AO. discursive risk - Jentsch and Pilley

  • AO: The authors don’t seem to question the concepts of “global North” and “global South.” (I think this is common of most of the work around this (see Pollock who also noted the problematics of the binary but used it nonetheless). In using it, they continue to reify a divide.

  • AO: The doctoral student suggests that the “collaboration” had reciprocol benefit because “benefit was derived by all” but I find this to be weak. She fails to account for the differential benefits and stakes in the doctoral project. The biggest discursive gap here is on the meso and techno. She briefly accounts for how the economic and legal infrastructures of the doctoral program (and academy more general) are already structured by inequality (within which she is also caught) but seems to believe this can be overcome if there is some type of “mutual benefit.” In this case, she appears to hold employment and translation as being benefits for Southern field resarchers. Strangely she seems to see the “southern” researchers teaching the “Northern” student as a benefit for the Southern researchers? (I would argue it is a benefit for the Northern researchers). The underlying assumption is that collaboration is good for all parties and if structured correctly, there is a way to ensure that all benefit and there are reciprocal and mutual benfits.

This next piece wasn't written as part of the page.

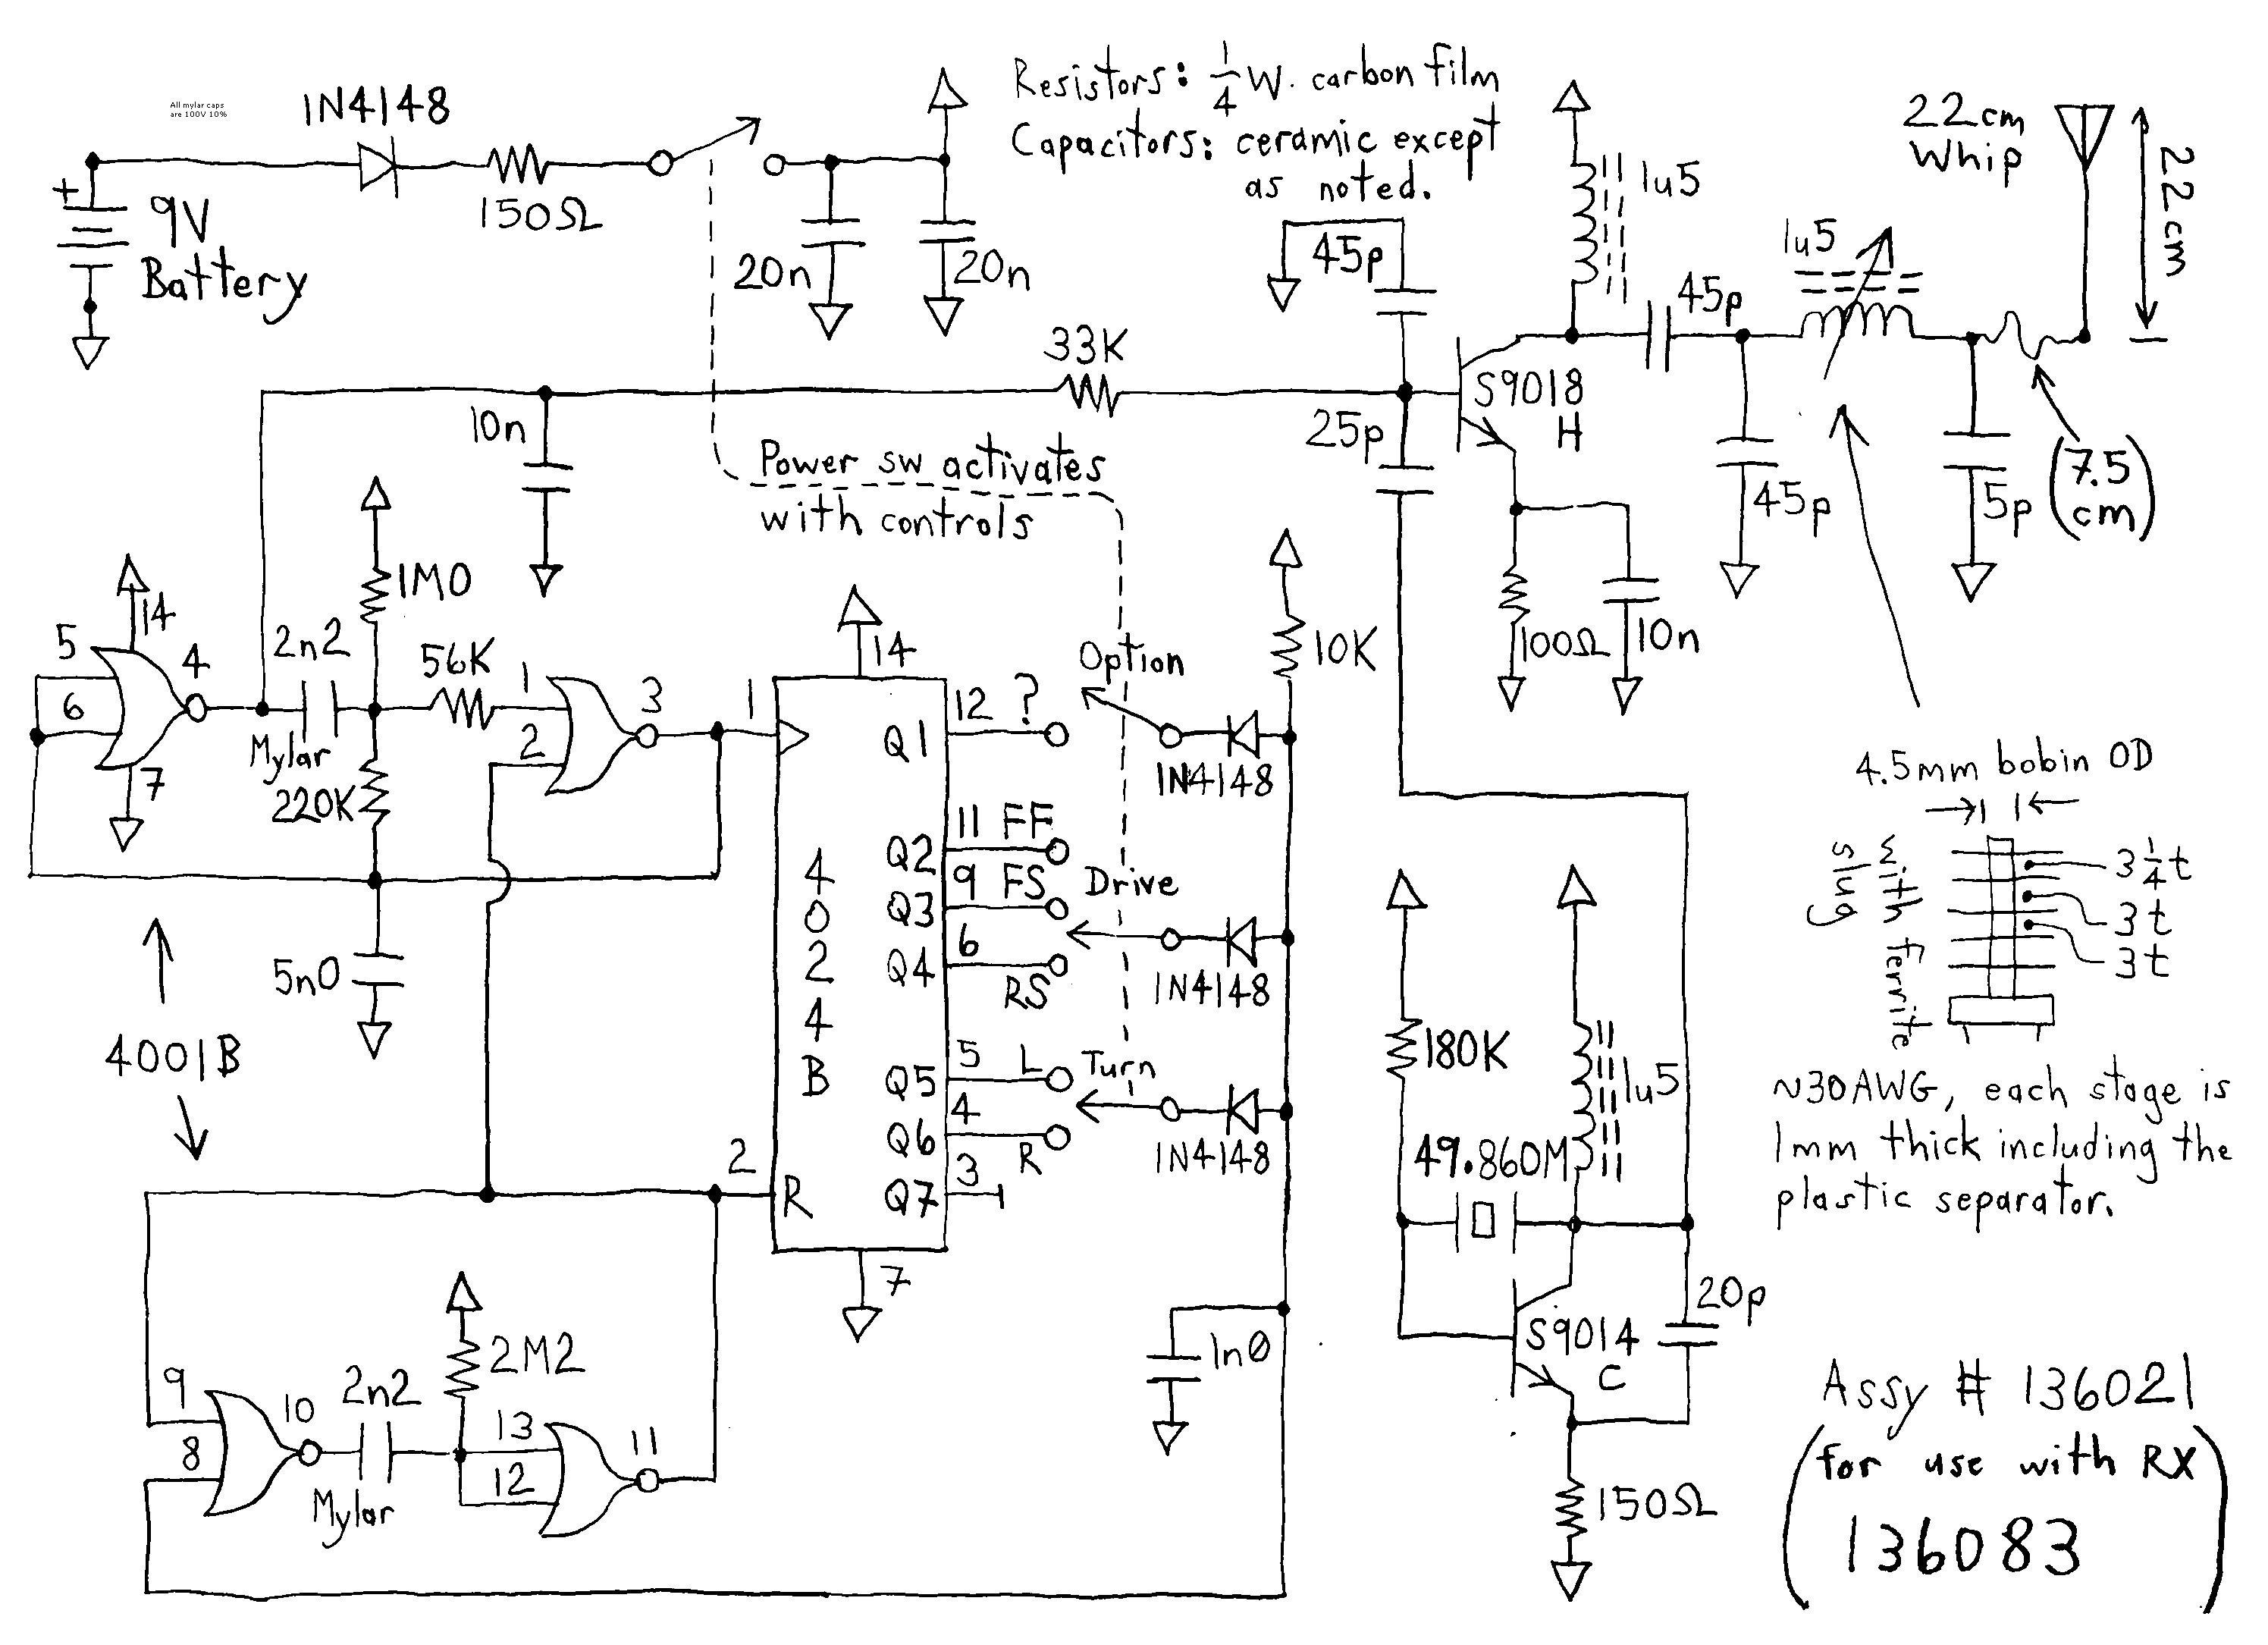 Air Fuel Ratio Gauge Wiring Diagram Valid Auto Meter Wiring Diagram Valid Wiring Diagram for Auto

  • AO: I find the analysts' use of the terms "Northern" and "Southern" homogenizes lots of differences. By forgrounding global North and global South dynamics, they don’t discuss the hierarchies of power within local teams, etc including quesitons of gender, race, class, etc.

  • AO: The authors look at collaboration noting that it is key to especially think about collaboration around research project inception and design (rather than just during fieldwork). They also focus on collaboration in authorship noting that there are exisiting biases in peer review processes in the most prestigious journals which are usually biased in the favor of Western-trained researchers. However, they do not discuss much about the technical infrastructures that structure collaboration. They mention the importance of moving from findings to praxis but do not go into sufficient detail about how that might be achieved. Perhaps most ironic is their discussion about co-authorship, etc. and the fact that the two Northern researchers are the only two listed as co-authors. It raises a question about how to broader the definition of an “author” ? (echoes Biaglioli’s work on who is a scientific author).